- BRIEF
In the entries below, find the line with "Wholesale Seamless Sportswear" and print exactly every line from there up to and including the line with "Jeans LEVI'S HIGH", with no other lines.

- WORKING DATA
::::
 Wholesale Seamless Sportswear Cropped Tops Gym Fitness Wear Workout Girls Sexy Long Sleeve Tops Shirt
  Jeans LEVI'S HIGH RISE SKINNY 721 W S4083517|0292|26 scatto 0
::::
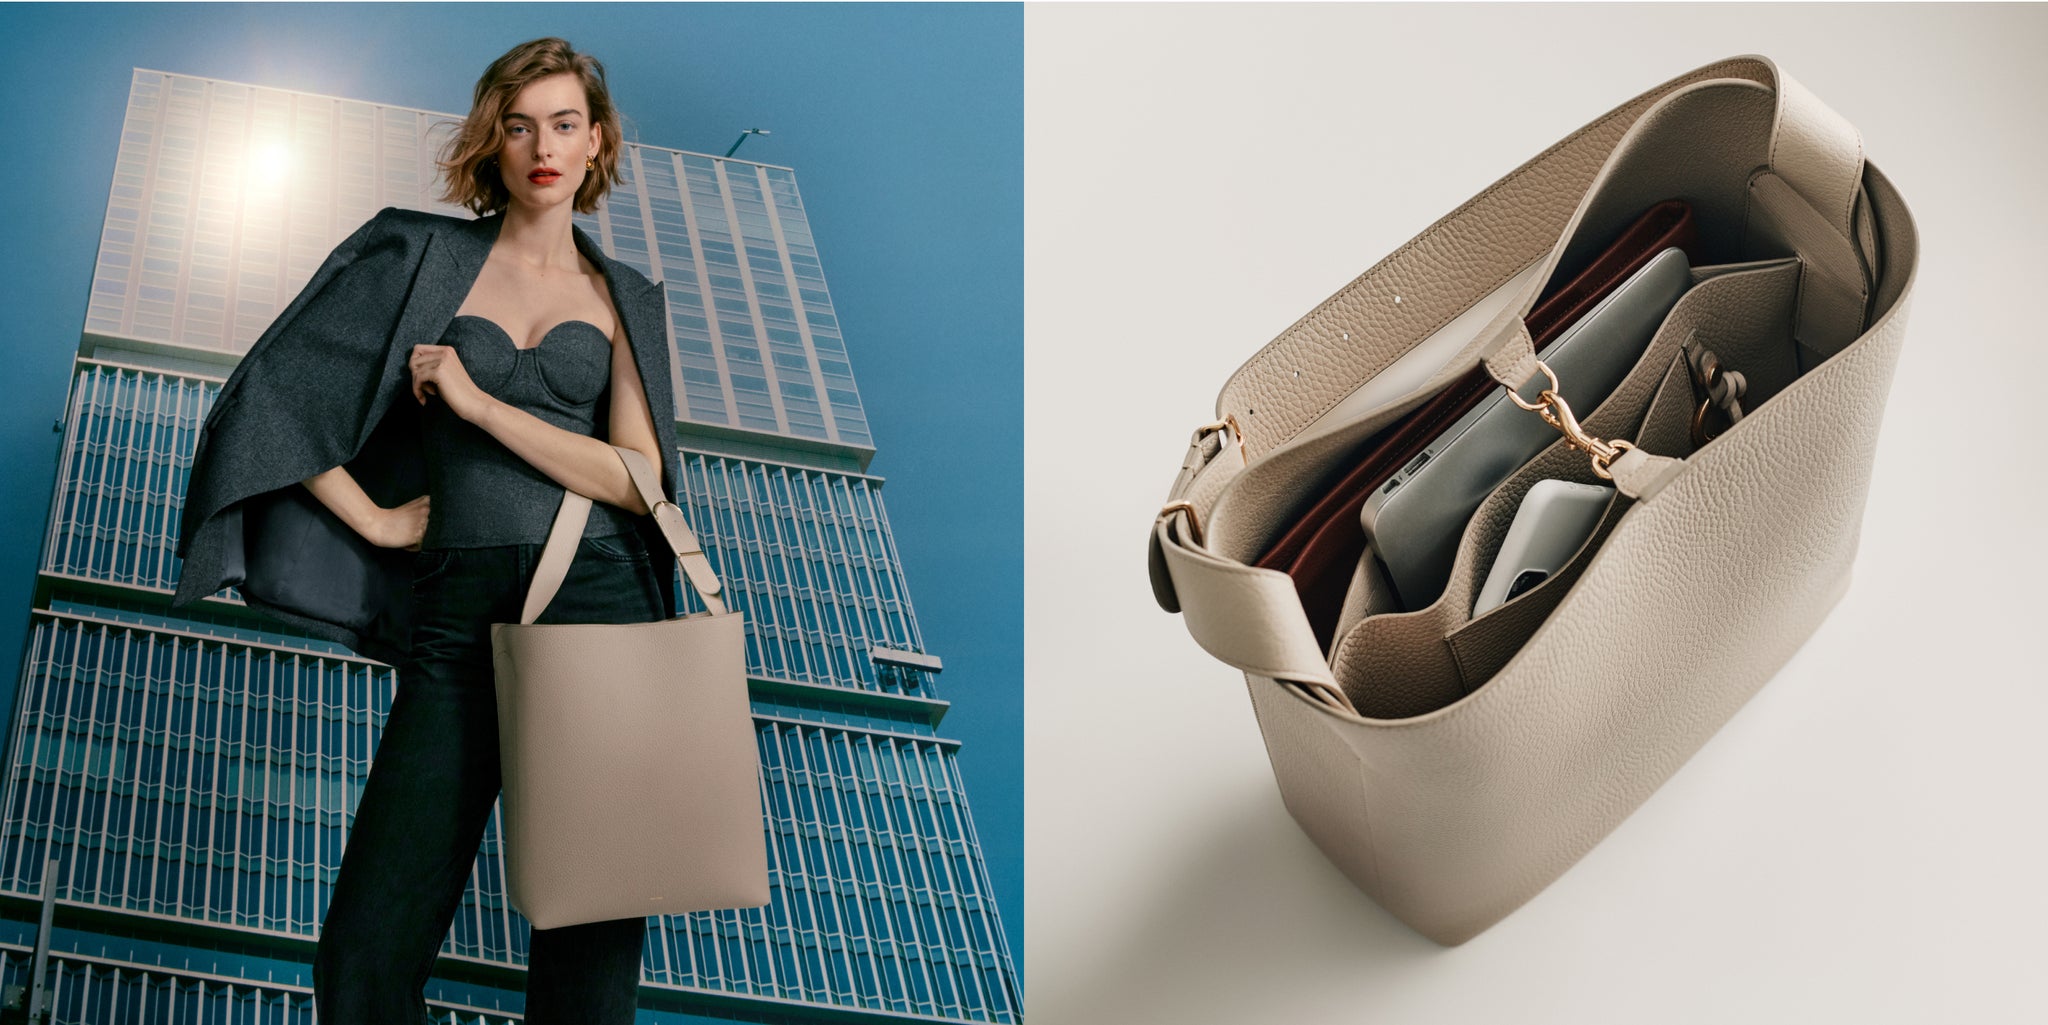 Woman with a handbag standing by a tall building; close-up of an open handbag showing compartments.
::::
- ANSWER FOR THE TASK
 Wholesale Seamless Sportswear Cropped Tops Gym Fitness Wear Workout Girls Sexy Long Sleeve Tops Shirt
  Jeans LEVI'S HIGH RISE SKINNY 721 W S4083517|0292|26 scatto 0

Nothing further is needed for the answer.